Dulux, though, maybe read the room next time...

The UK's favourite international paint brand were announced as Tottenham's latest commercial partner on Thursday. Within minutes - literally minutes - they were on Twitter giving it large about the club's lack of silverware.

Obviously, they didn't realise just how much of a sore point that is for supporters, or how seriously the posts would be taken. Intended as a bit of light-hearted fun, it's been universally panned by Spurs fans, and there are already questions being raised about the viability of the partnership going forward.

Still, cute dog though.

While the first few hours of the Spurs-Dulux collaboration have been a bit of a bin-fire, it's worth remembering that it is by no means the worst PR misstep in Premier League history. Oh, far from it...


1. Newcastle & Wonga

Ayoze Perez: not a fan of Wonga, apparently | Michael Regan/Getty Images

Newcastle's shirt sponsorship deal with payday loan company Wonga was announced in 2012 to almost universal outrage.

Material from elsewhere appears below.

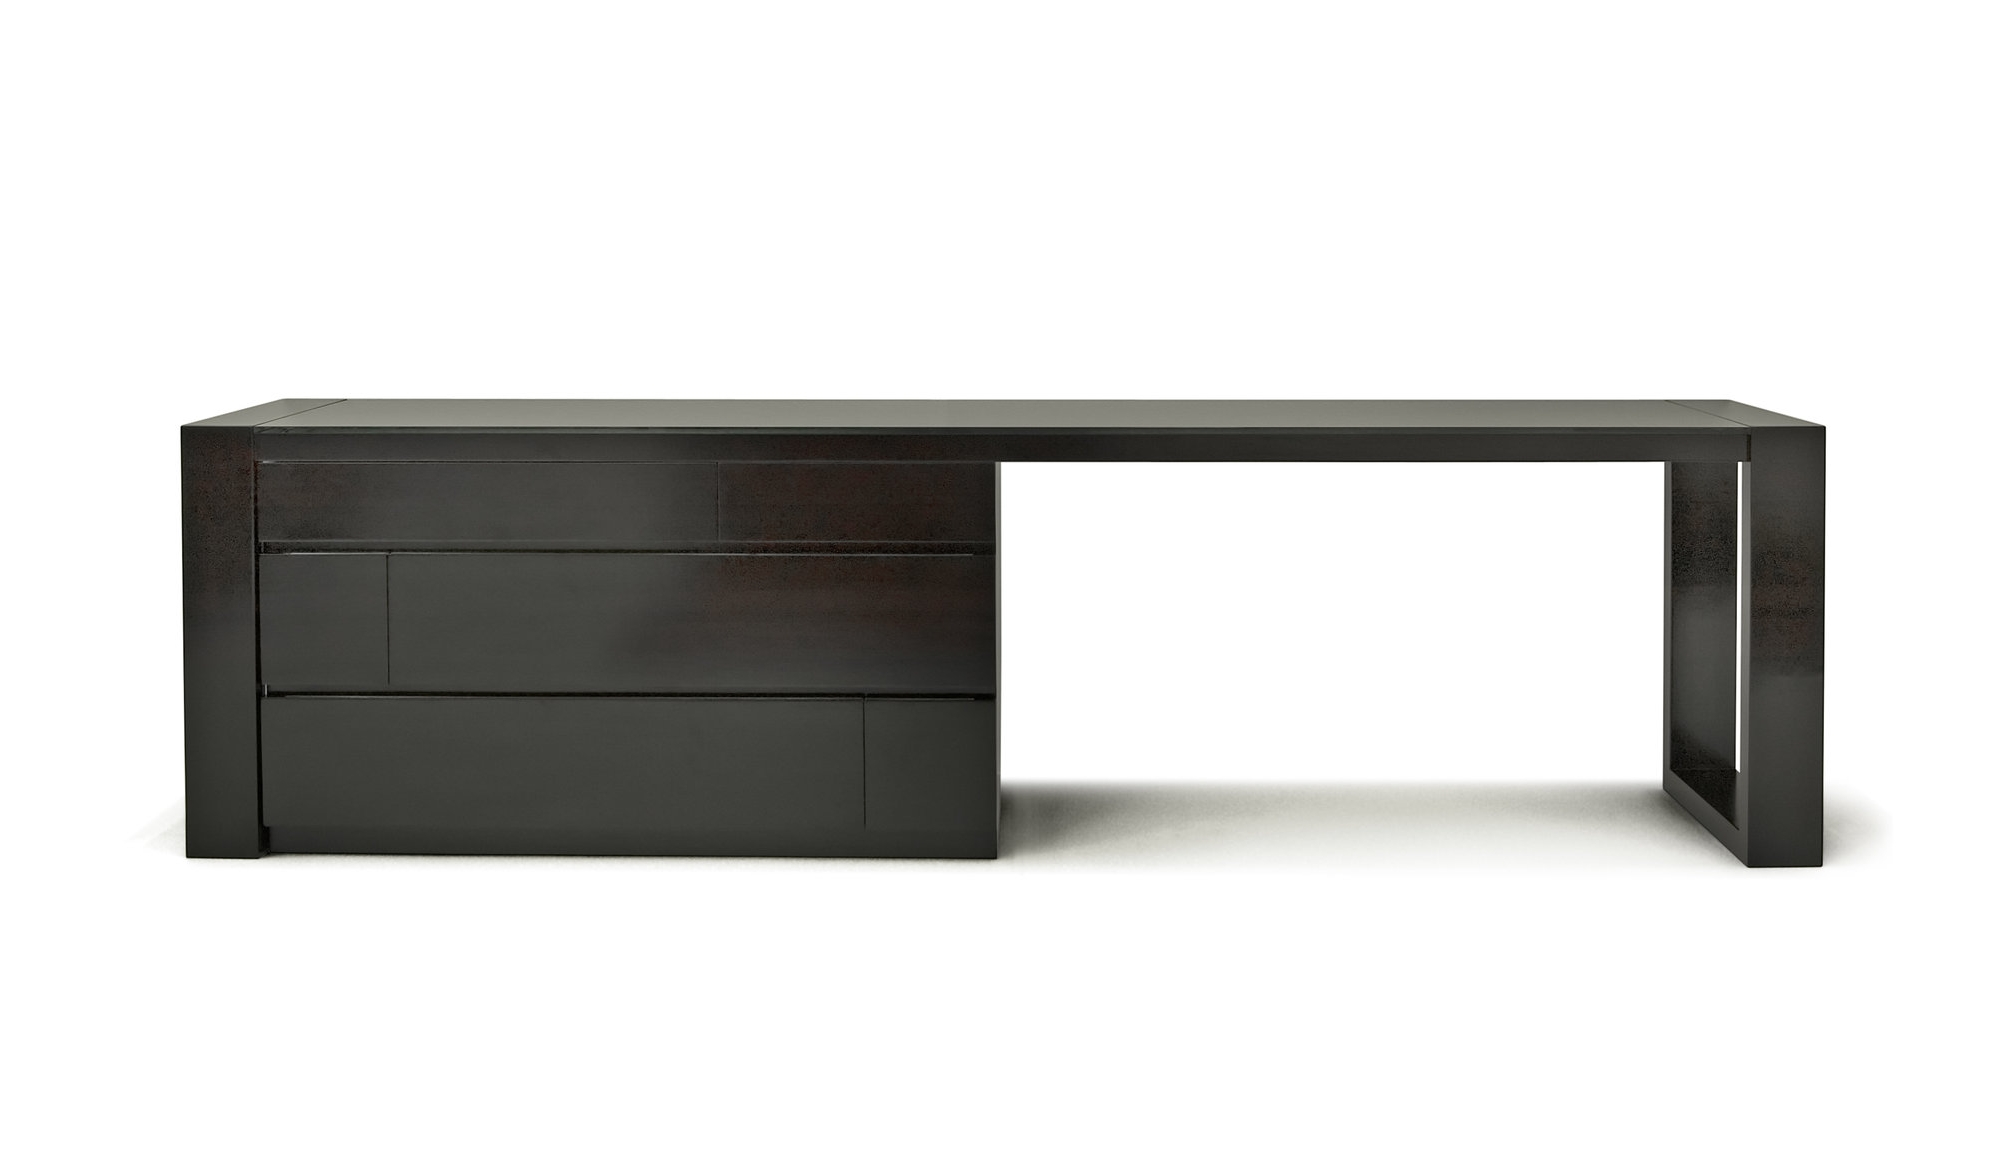 ....Custom made Modern furniture : Cabinet table..特别定制現代家具:柜台....

There were moral concerns: this was a company that profits heavily from high-interest, short-term loans, and striker Papiss Cisse initially declared that he would not play with the Wonga logo on his shirt.

There were also aesthetic concerns: Newcastle would literally have to play with the word Wonga displayed on their chests. In vibrant blue.

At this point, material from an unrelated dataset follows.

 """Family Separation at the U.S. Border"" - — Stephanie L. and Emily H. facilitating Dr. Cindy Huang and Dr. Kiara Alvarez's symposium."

The club promised the Wonga money would help them compete at the top of English football. Four years later, they were relegated and the partnership was ended.


2. Portsmouth & Ty

Sebastien Schemmel sports the Ty brand | Dave Etheridge-Barnes/Getty Images

Who'd have thought a Premier League club teaming up with a company who made most of their money from a children's toy line called 'Beanie Boos' would not have gone well?

It's safe to say Ty missed their target audience with this one.

They pulled out all the stops to make it work: they even released a special 'Pompey Bear' which hardly anyone bought, before the two went their separate ways in 2005.


3. Paolo Di Canio

Di Canio did not go as Sunderland hoped | Tony Marshall/Getty Images

Paolo Di Canio was once pictured doing a Nazi salute while playing for Lazio. He has described Italian dictator Benito Mussolini as a 'deeply misunderstood individual' and has been quoted by press in Italy declaring himself a fascist.

So yeah, his appointment as Sunderland manager was...divisive.

The Italian kept the Black Cats up in 2012/13, but the negative PR emanating from his management style - described as 'brutal and vitriolic'
by CEO Margaret Byrne - was soon too much to bear.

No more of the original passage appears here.